PolarDB 开源版 通过rdkit 支撑生物、化学分子结构数据存储与计算、分析

PolarDB 的云原生存算分离架构, 具备低廉的数据存储、高效扩展弹性、高速多机并行计算能力、高速数据搜索和处理; PolarDB与计算算法结合, 将实现双剑合璧, 推动业务数据的价值产出, 将数据变成生产力.

本文将介绍PolarDB 开源版 通过rdkit 支撑生物、化学分子结构数据存储与计算、分析

测试环境为macOS+docker, PolarDB部署请参考如何用 PolarDB 证明巴菲特的投资理念 - 包括PolarDB简单部署

rdkit 介绍

分子具有连接、分形、图、组合的特征, 低级生命组成高级生命, 众多高级生命组成社会, 众多低维生物通过分形组成高维生物.
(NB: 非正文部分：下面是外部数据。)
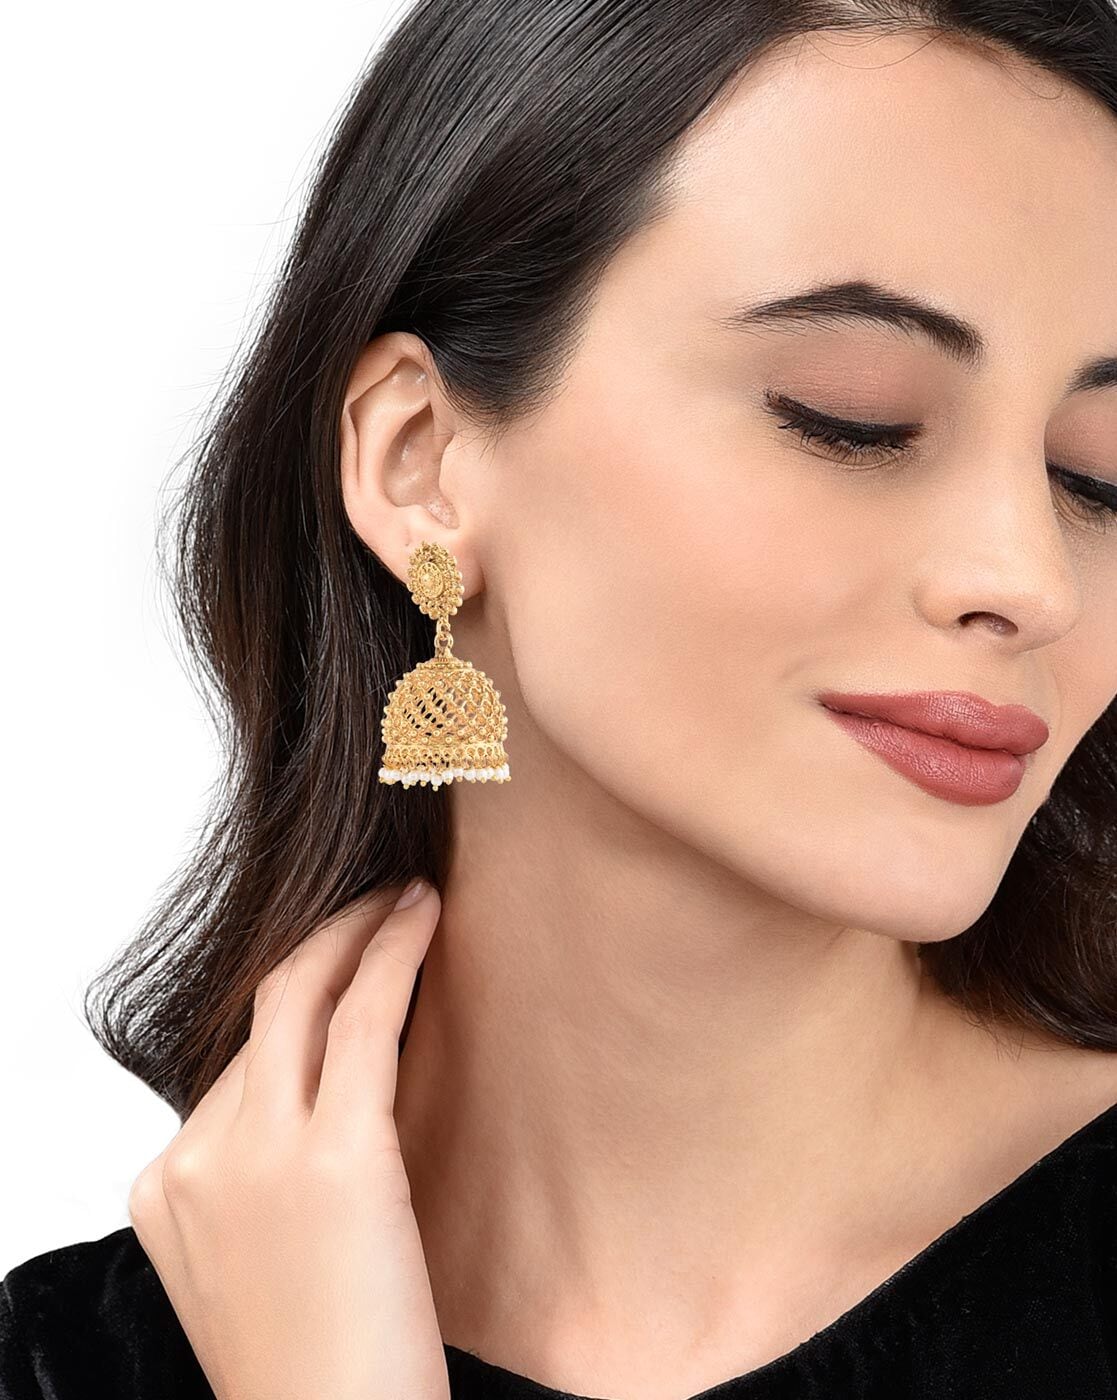 Gold earrings - Silvermerc Designs - 4113916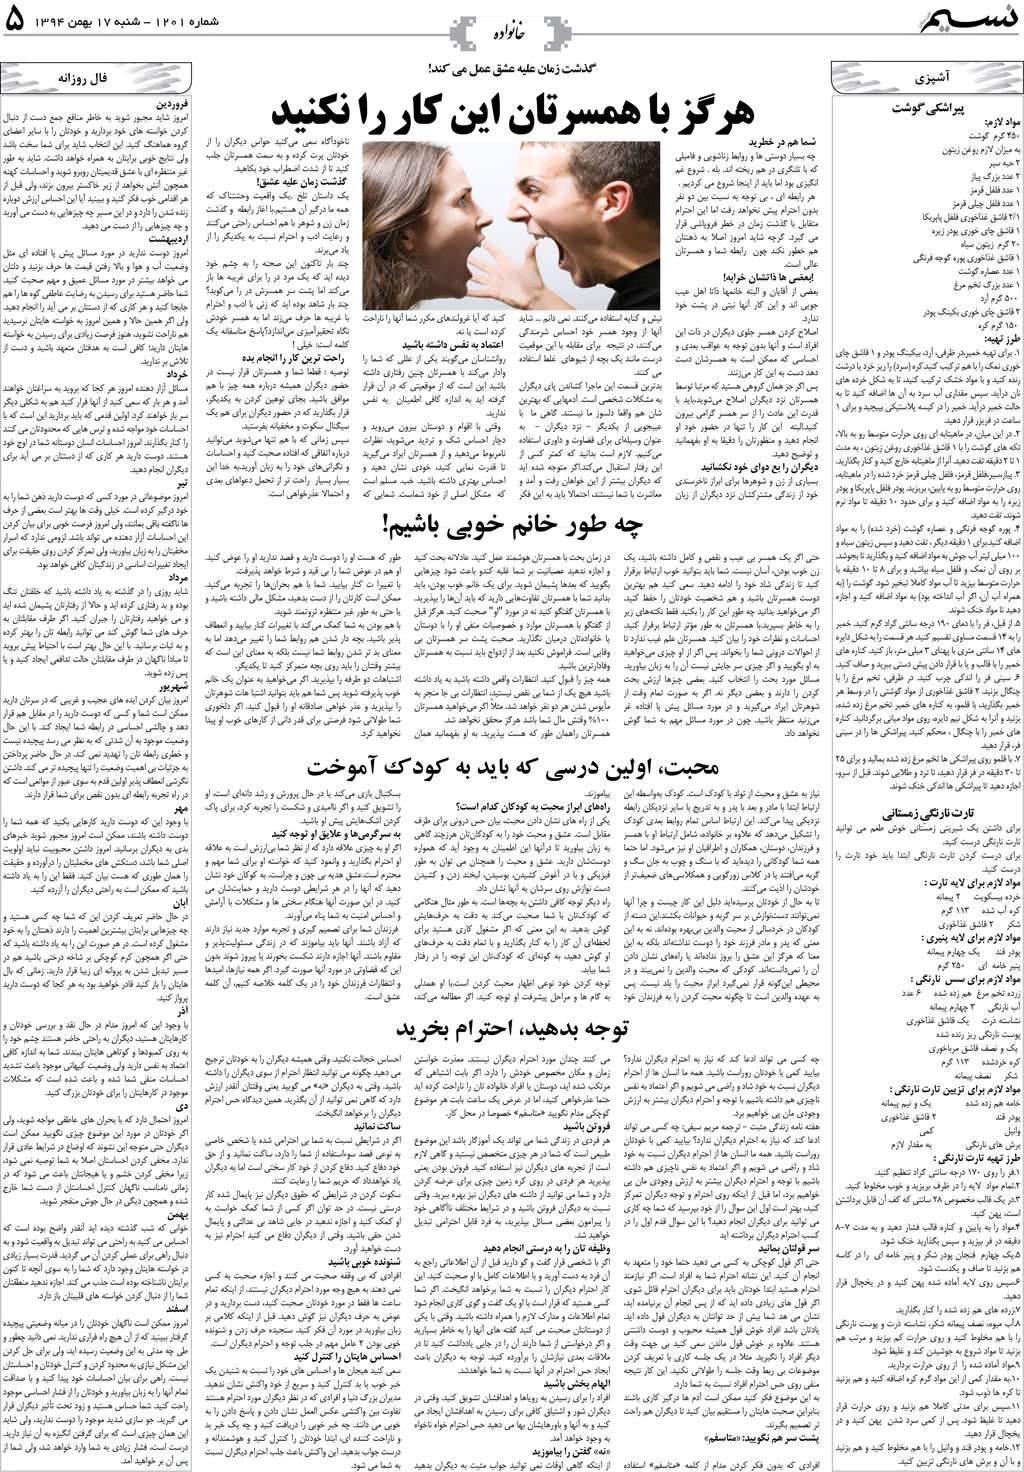 صفحه خانواده روزنامه نسیم شماره 1201

  • Business-friendly BSD license

  • Core data structures and algorithms in C++

  • Python 3.x wrappers generated using Boost.Python

  • Java and C# wrappers generated with SWIG

  • 2D and 3D molecular operations

  • Descriptor generation for machine learning

  • Molecular database cartridge for PostgreSQL

  • Cheminformatics nodes for KNIME (distributed from the KNIME community site: https://www.knime.com/rdkit)

PolarDB 通过rdkit插件实现生物、化学分子结构数据存储与计算、分析. (相似搜索、子结构或精确匹配搜索、分子比较等)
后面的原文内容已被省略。